*Your objective*
Please retype the listing below exactly as it stands, skipping any pictures.

BEGIN Data block

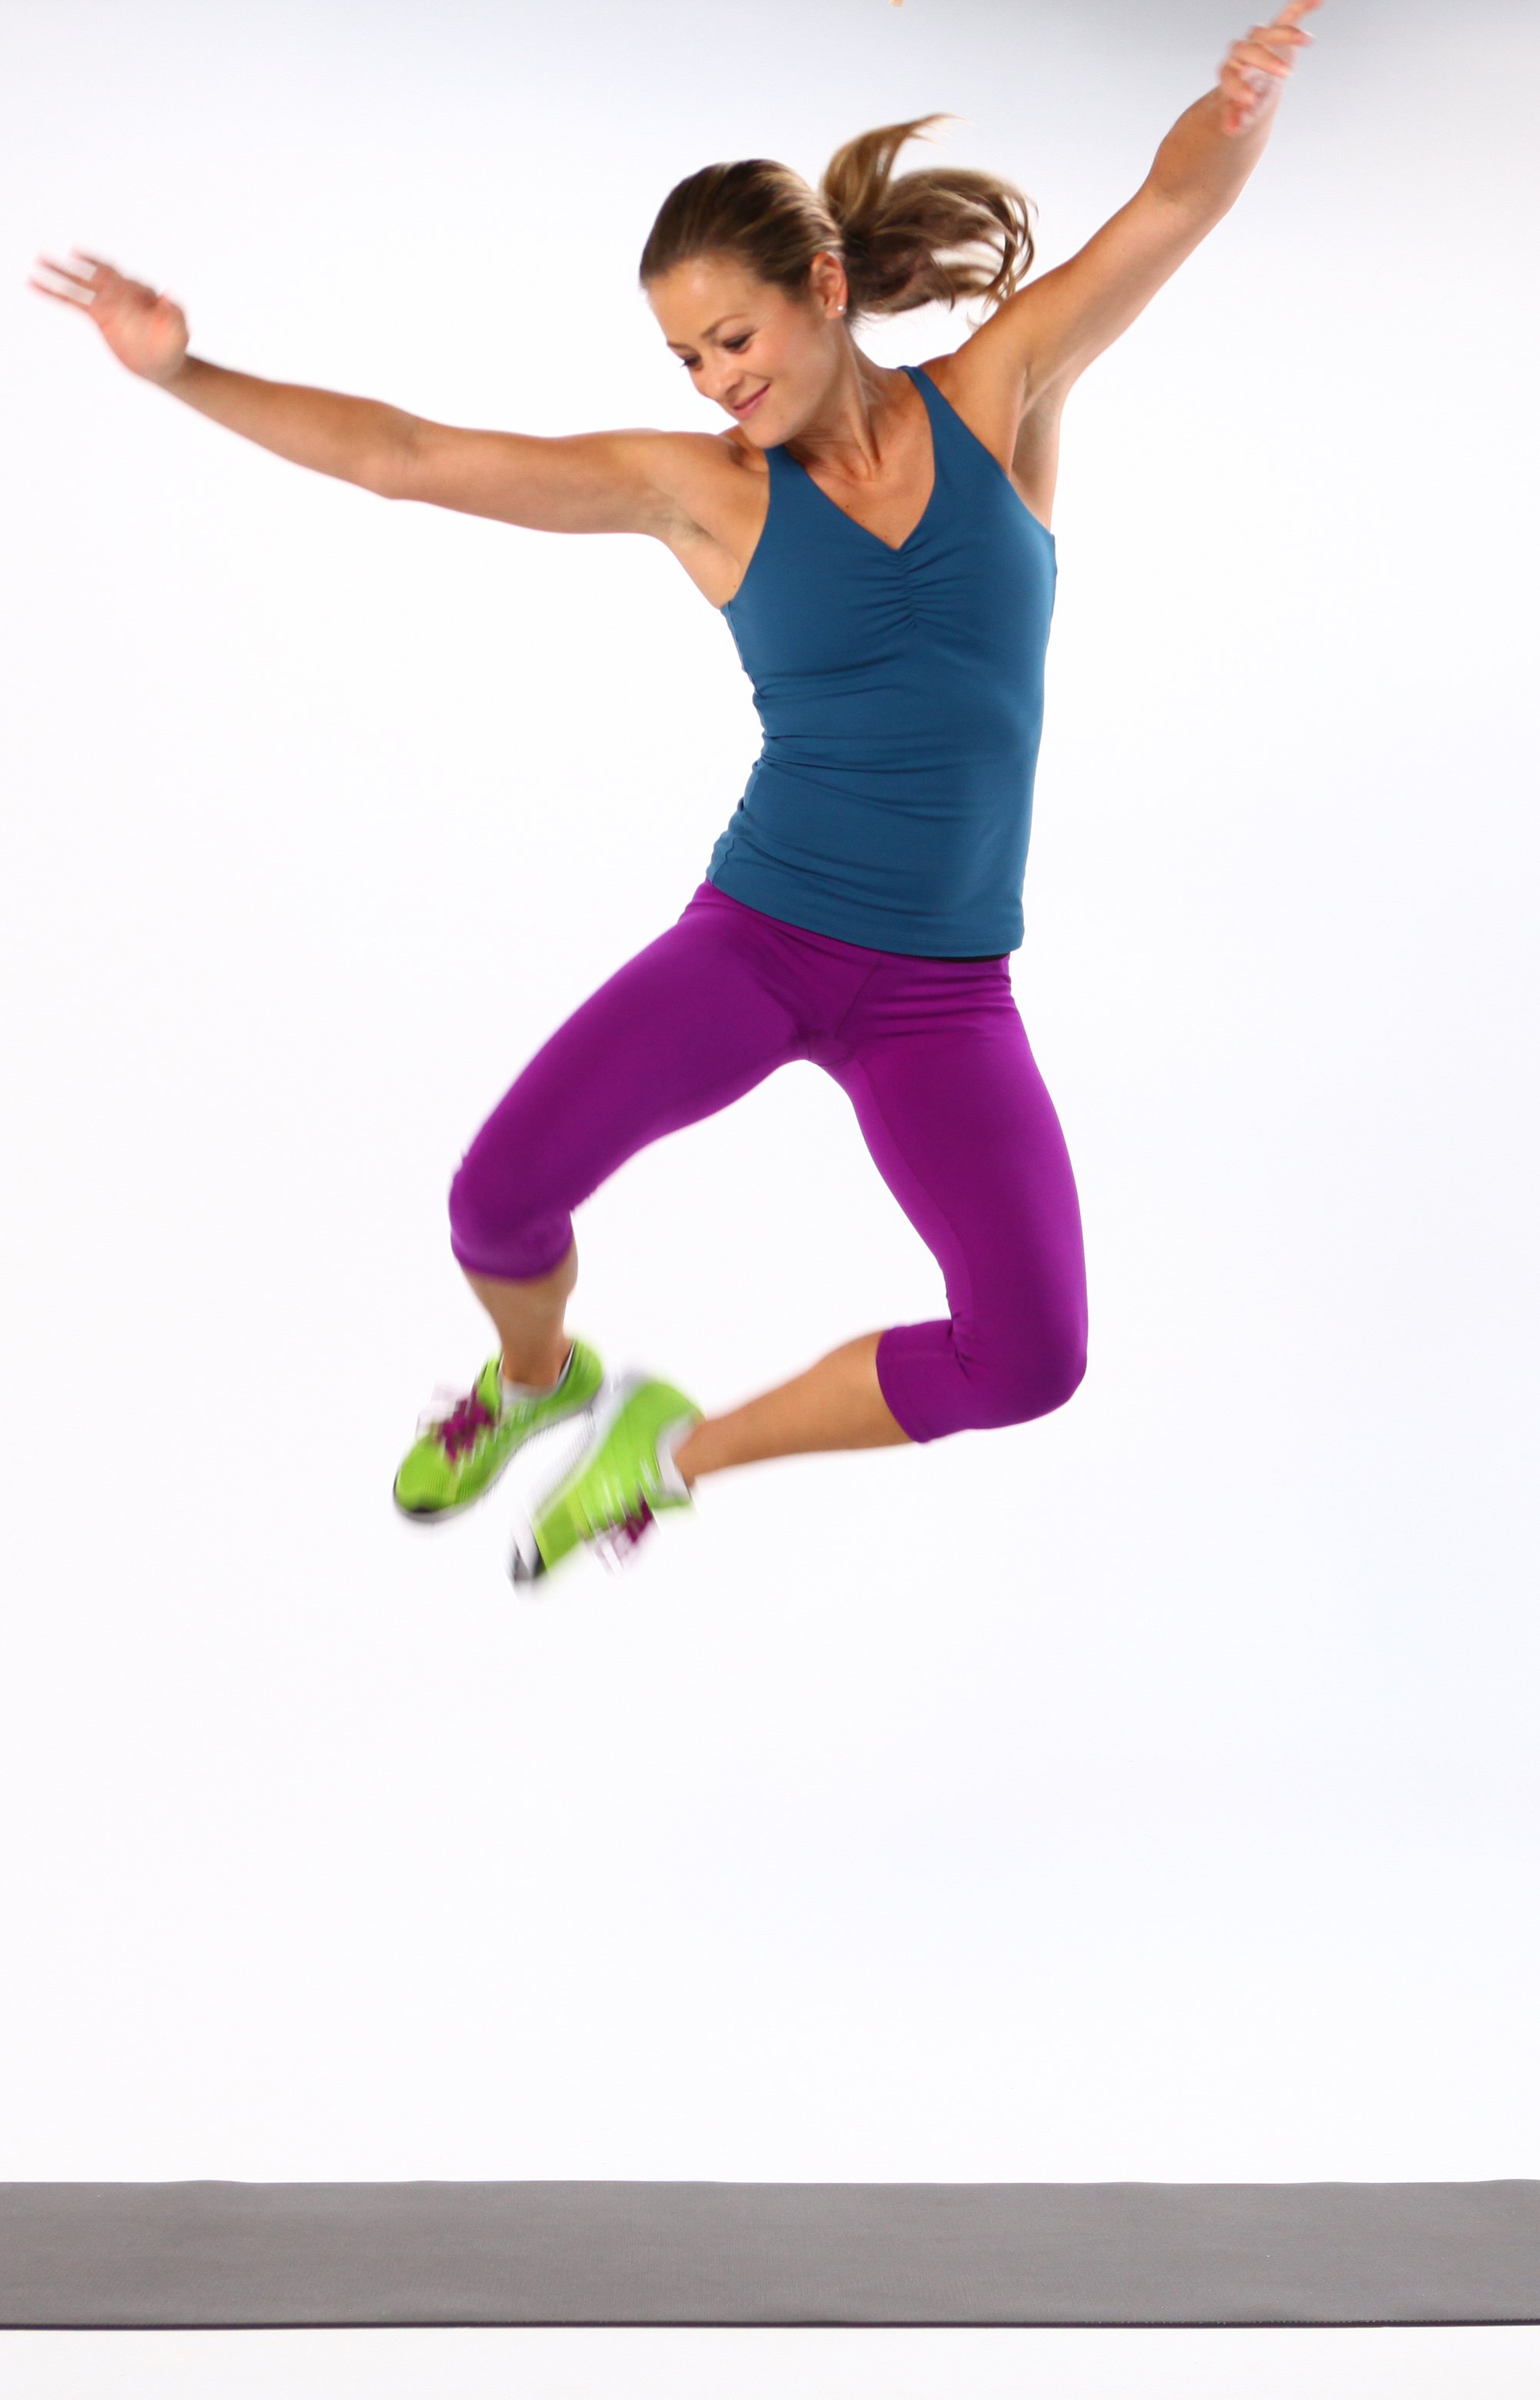 How to Do a Heel-Click Jump | POPSUGAR Fitness
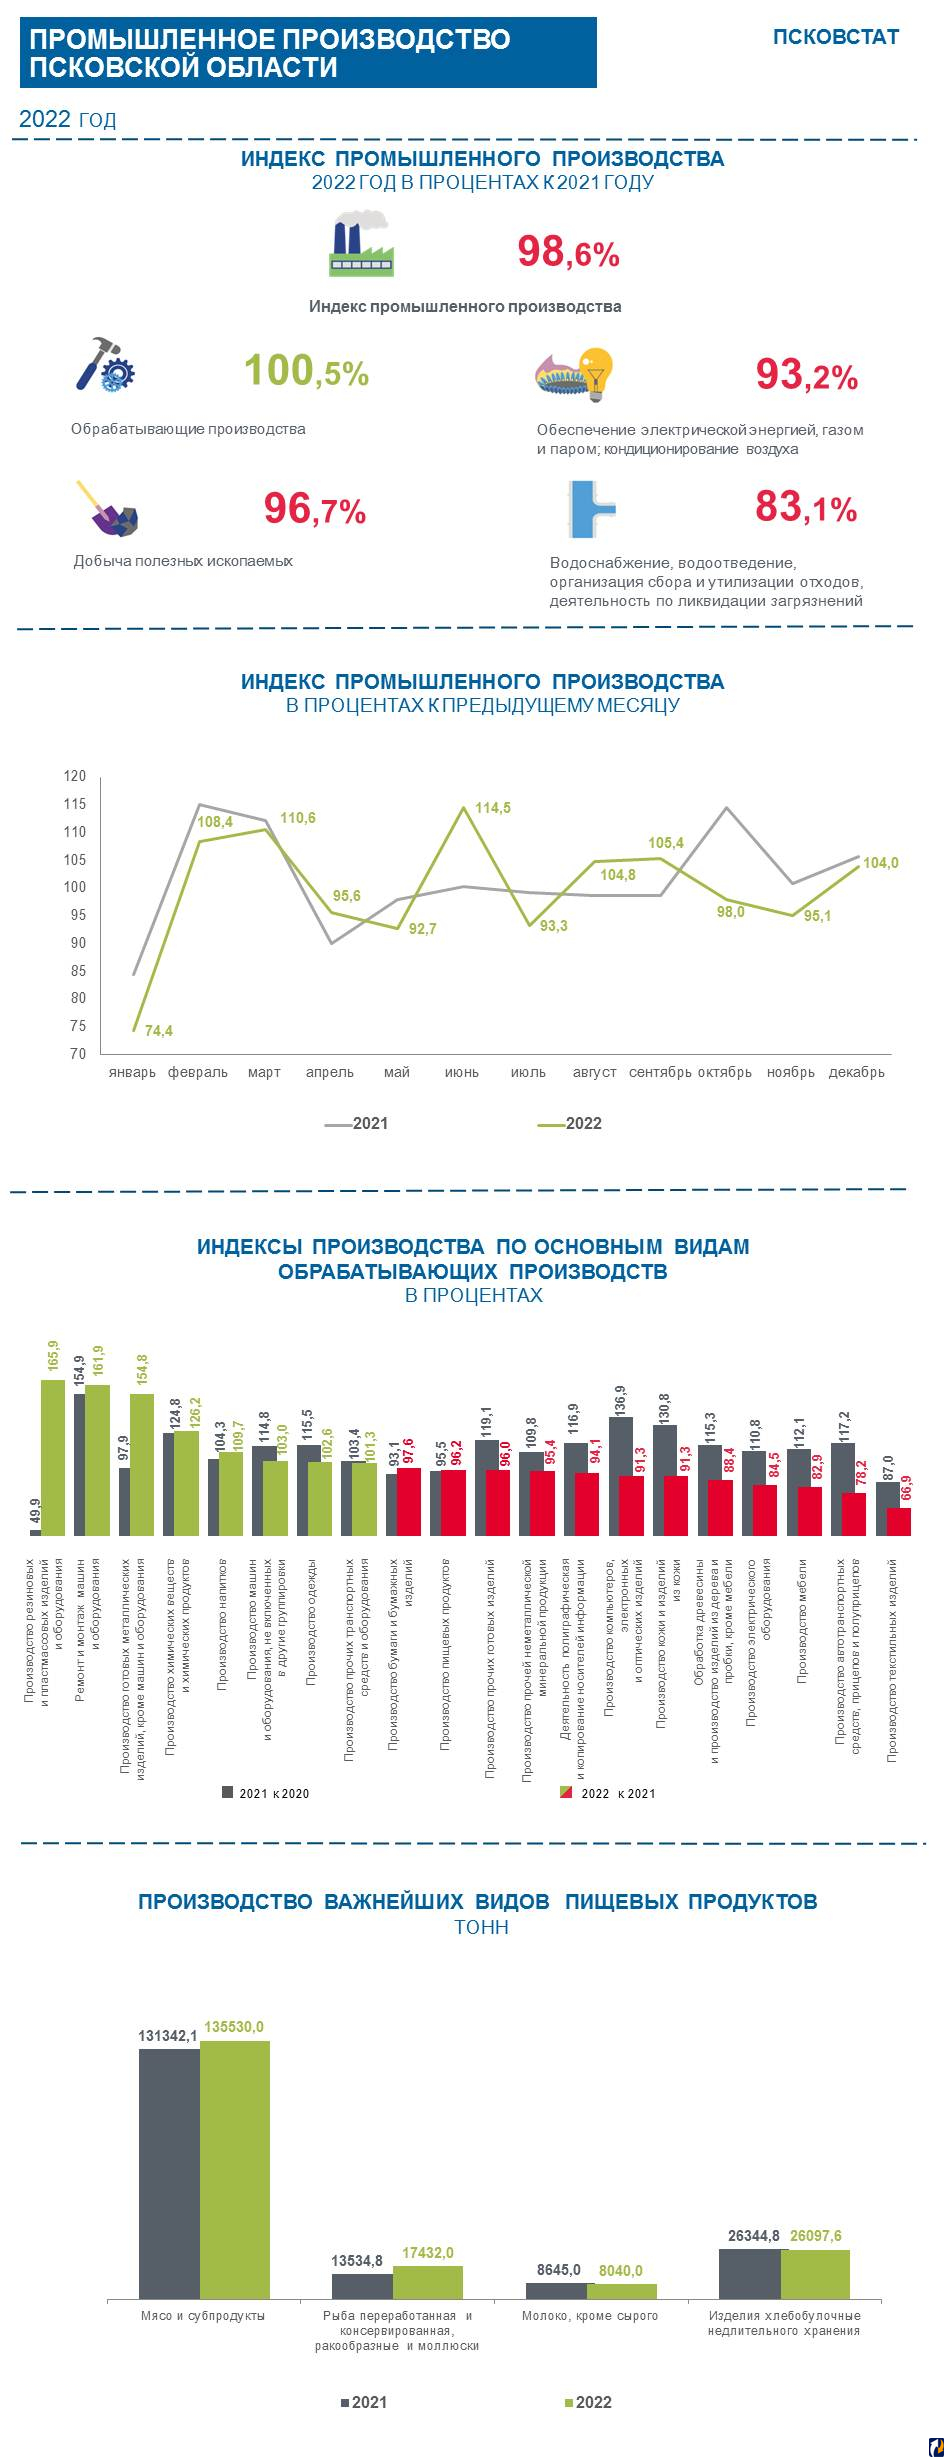 Статисты рассказали про промышленное производство в Псковской области
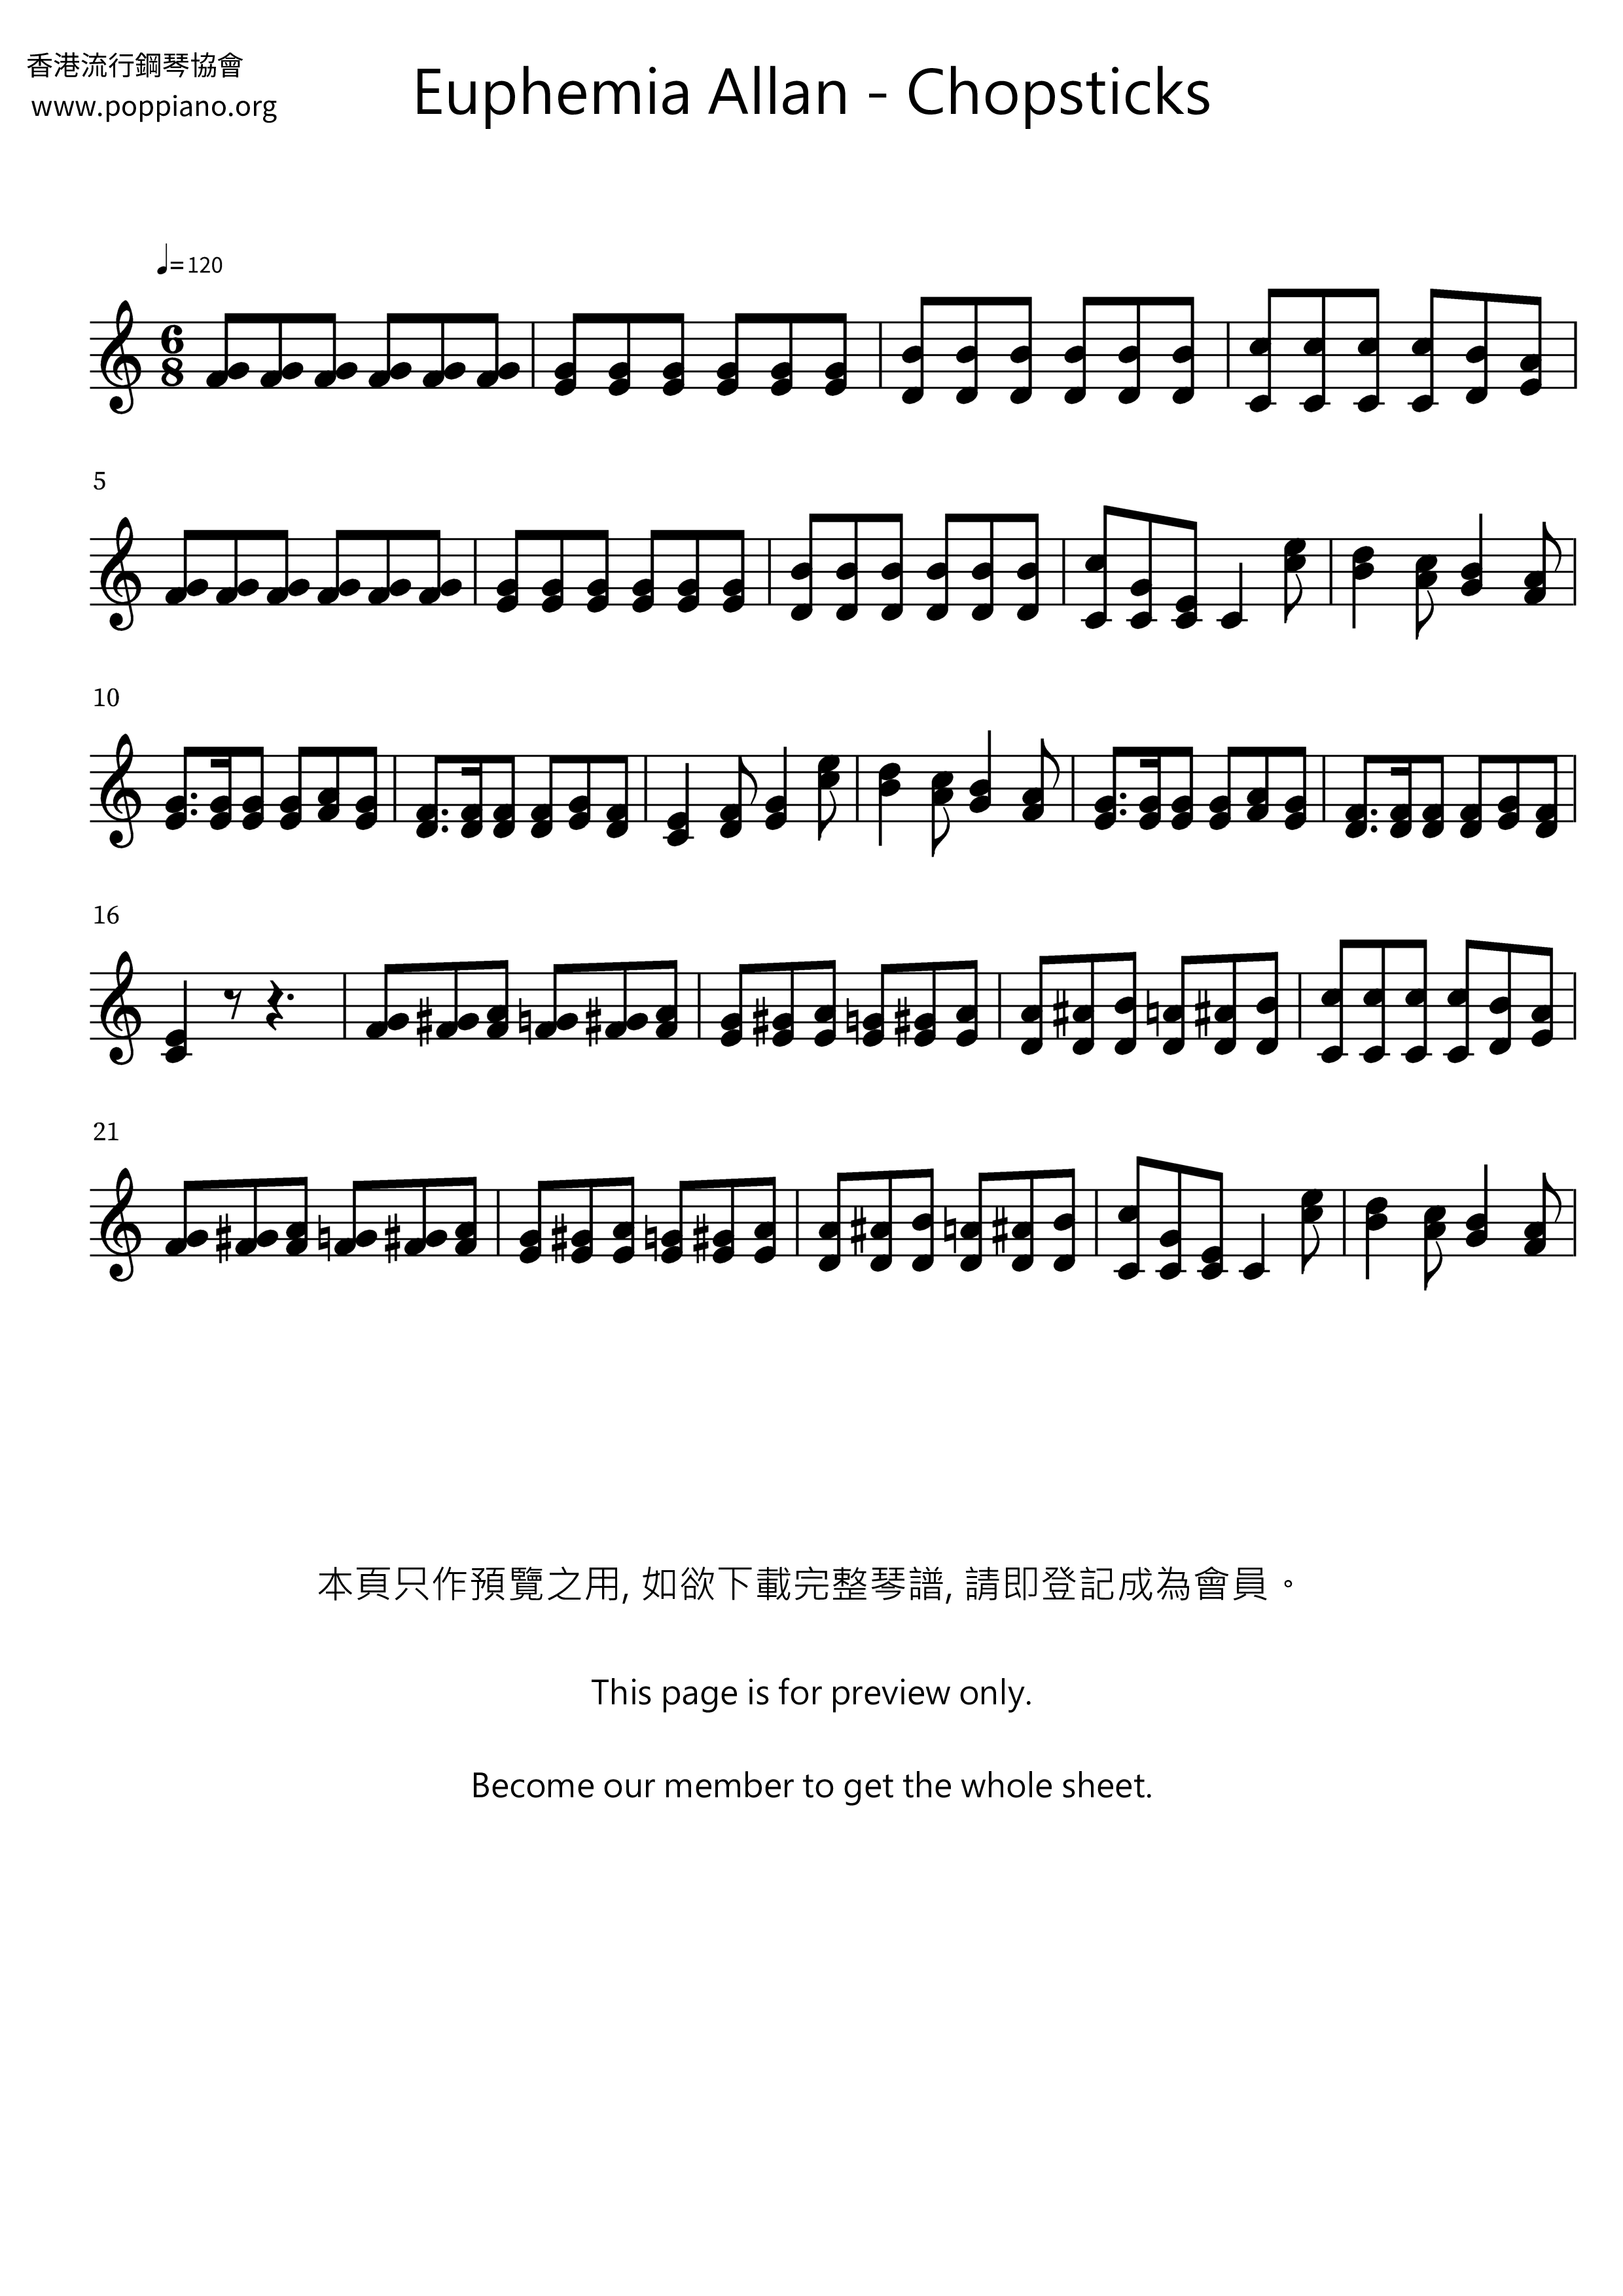 The Celebrated Chop Waltz (Chopsticks) Score

END Data block

*Result of the task*
 How to Do a Heel-Click Jump | POPSUGAR Fitness
 Статисты рассказали про промышленное производство в Псковской области
 The Celebrated Chop Waltz (Chopsticks) Score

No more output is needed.